The company is the owner of the Alvaro Camargo de la Torre School and the Tomas Alva Edison School, providing education to employees' children.

History
ETB was created on August 28, 1884 when a Cuban, José Raimundo Martínez created the Colombian Telephone Company, or in Spanish, "La Compañia Colombiana de Telefonos (CTC)". The company's first headquarters was in the Arrubla Galleries, on the western side of the Plaza Bolívar, on 10th street and 8th avenue, Bogotá. In 1900, when they had 100 installed lines, a fire destroyed a good part of the Arrubla Galleries and taking with it the facilities and the main office of the Colombian Telephone Company. Six years later, they resumed provisional service by means of The Bogotá Telephone Company. The headquarters of the new company were located on 8th avenue and 20th street, where the principal offices of the company were located.

Although the concession offered for the exploitation of service to The Bogota Telephone Company was for 50 years, the continuous protests by the rate increases led the Council to decide that the municipality should acquire the Company. Thus, since 1932 the Administration of the city assumed control of the service of phone system and in 1940, by means of agreement 79 of the Council, the Telephone Company of Bogotá was created, a decentralized company and a hundred percent city-owned.

In 1961, the company entered into central operations with Usaquén, Bosa, Suba and Central Nariño. At the end of the 1970s, the company counted close to 400,000 users and since 1985 that figure has grown to 710,000. The 1990s, marked a time of great change for ETB. The name used for 52 years was modified. In 1992, the company became the Telecommunications Company of Bogotá to adapt with their social objective for diversifying their activities.

The implementation of the norms described by the Decree Law 1900 of 1990 and the Law of Public Utilities of 1994 opened the doors for competition that was consolidated in 1996 when other telecommunications companies appeared. In 1997, the Council authorized the conversion of ETB into an action-based company, having its majority partner in the Capital District of Bogotá. In the middle of 1998, the Council approved the sale of ETB's shares to an international strategic partner. Although this sale was not carried out, the process gave the company close to 1,000 shareholders among their employees, former employees and pensioners. Thus the company was converted by their shares into a mixed capital company.

On January 20, 2003 the Ministry of Communications awarded ETB, in conjunction with EPM, the license of PCS, which gave them the possibility of entering into the mobile phone market. The last step in ETB's transformation process occurred in May 2003 when the company carried out the process of stock democratization that permitted the attainment of resources for 245 billion and linked 61,313 Colombians as investors. In August 2003, ETB entered into negotiations for the centers of telephone contracts by the way of a commercial alliance with Publicar.

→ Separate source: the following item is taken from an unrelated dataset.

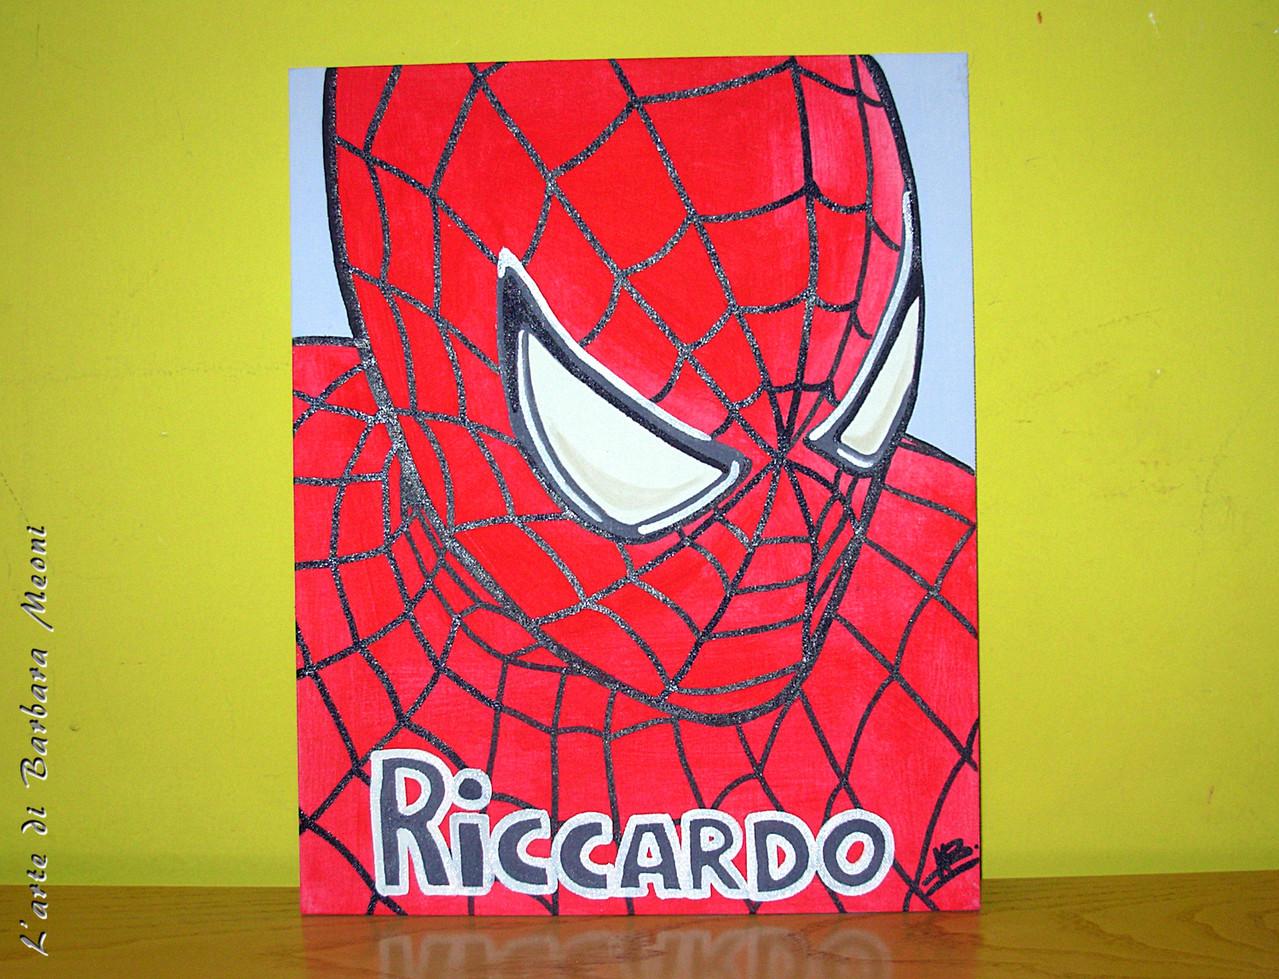 Spiderman-Acrilico su cartone telato 24x30 cm

In this way, the company ‘Contact Center of the Americas’ was created.

Expansion and competition

Coverage expansion 
In 1961 it began operating the plants of Usaquén, Bosa, Suba and Antonio Nariño, allowing to have 400,000 users by 1979 and 710,000 in 1985.

Change in name and demonopolization of the phone service 

The 1990s were very important for the ETB, because, among so many things, the name that the company had used for 52 years was changed, translating the name from the Bogota's Telephone Enterprise (Empresa de Telefonos de Bogotá) to Bogota's Telecommunications Enterprise (Empresa de Telecomunicaciones de Bogotá) in order to change the company name to one more advanced and competitive.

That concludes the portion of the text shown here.